**To do**: Your answer should hold exactly the lines beginning with the one that contains "Holzpfosten, 1,75 m, imprägniert, gespitzt, d= 10" and ending with the last line of the material, both included. Leave every picture out.

**Data block**:
──────────
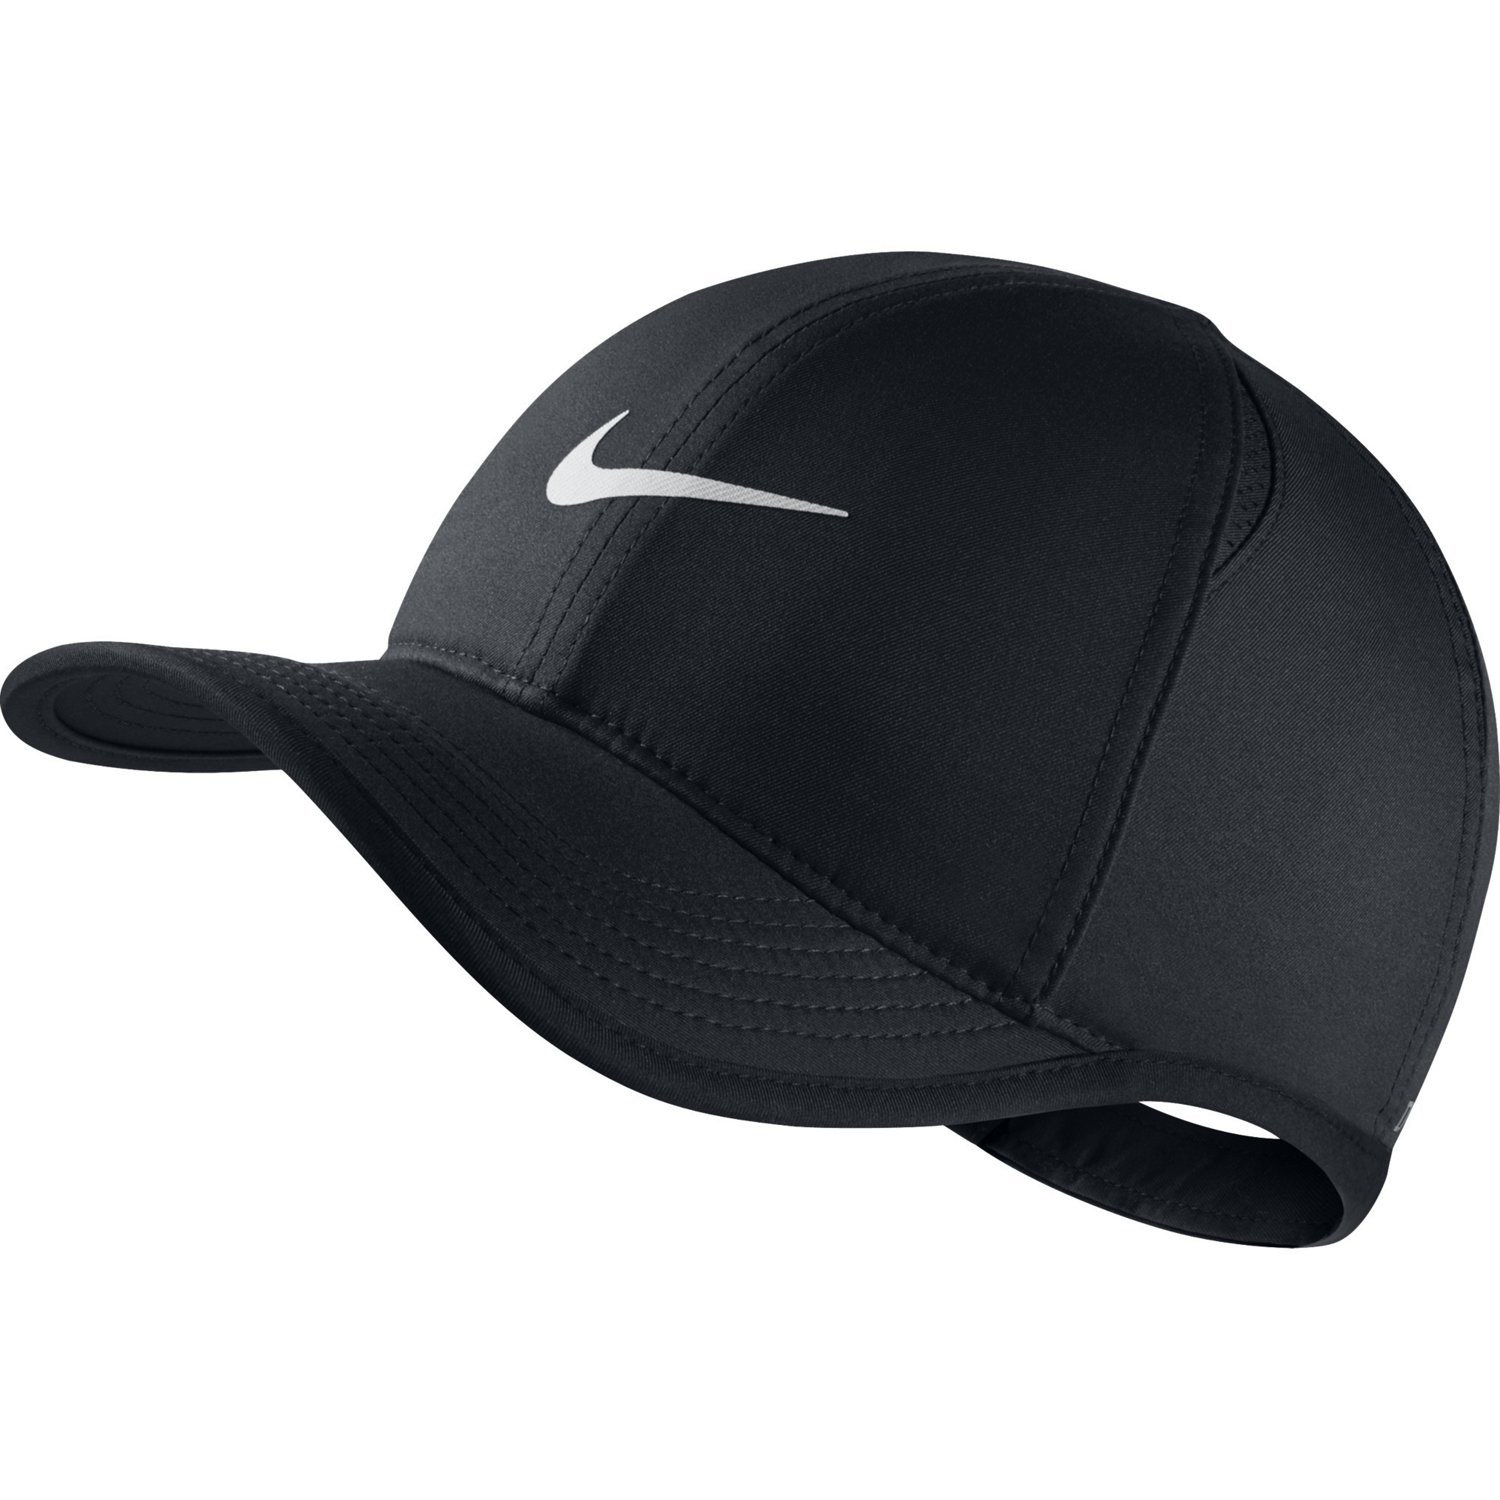 Nike New York Yankees Dri-Fit Vapor Adjustable Cap in Blue for Men
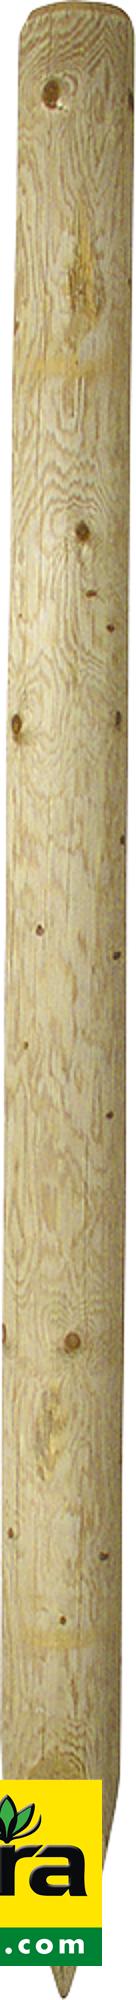 Holzpfosten, 1,75 m, imprägniert, gespitzt, d= 10 cm
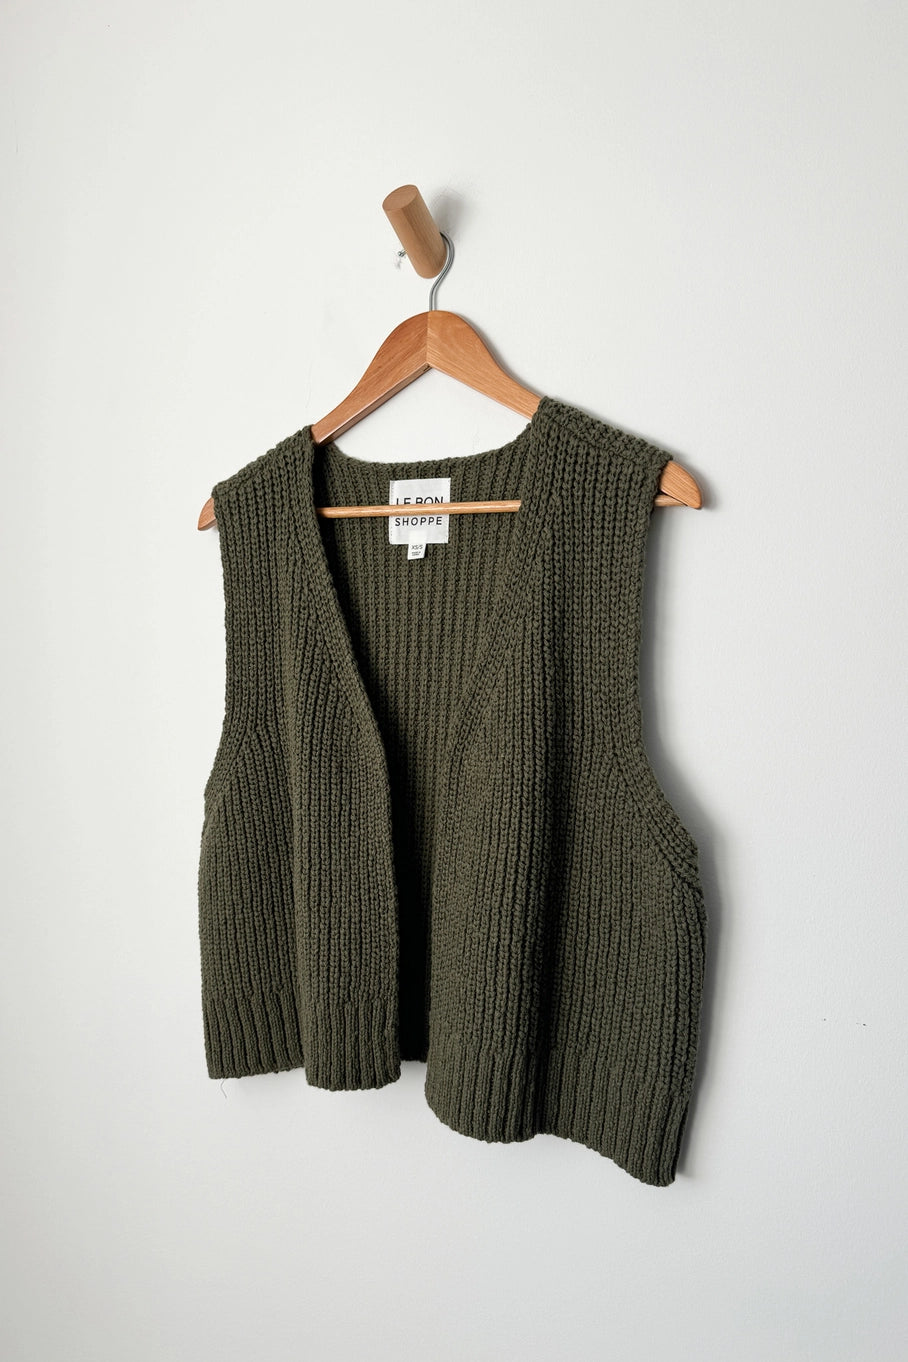 granny cotton sweater vest
──────────
**Output for this task**:
 Holzpfosten, 1,75 m, imprägniert, gespitzt, d= 10 cm
 granny cotton sweater vest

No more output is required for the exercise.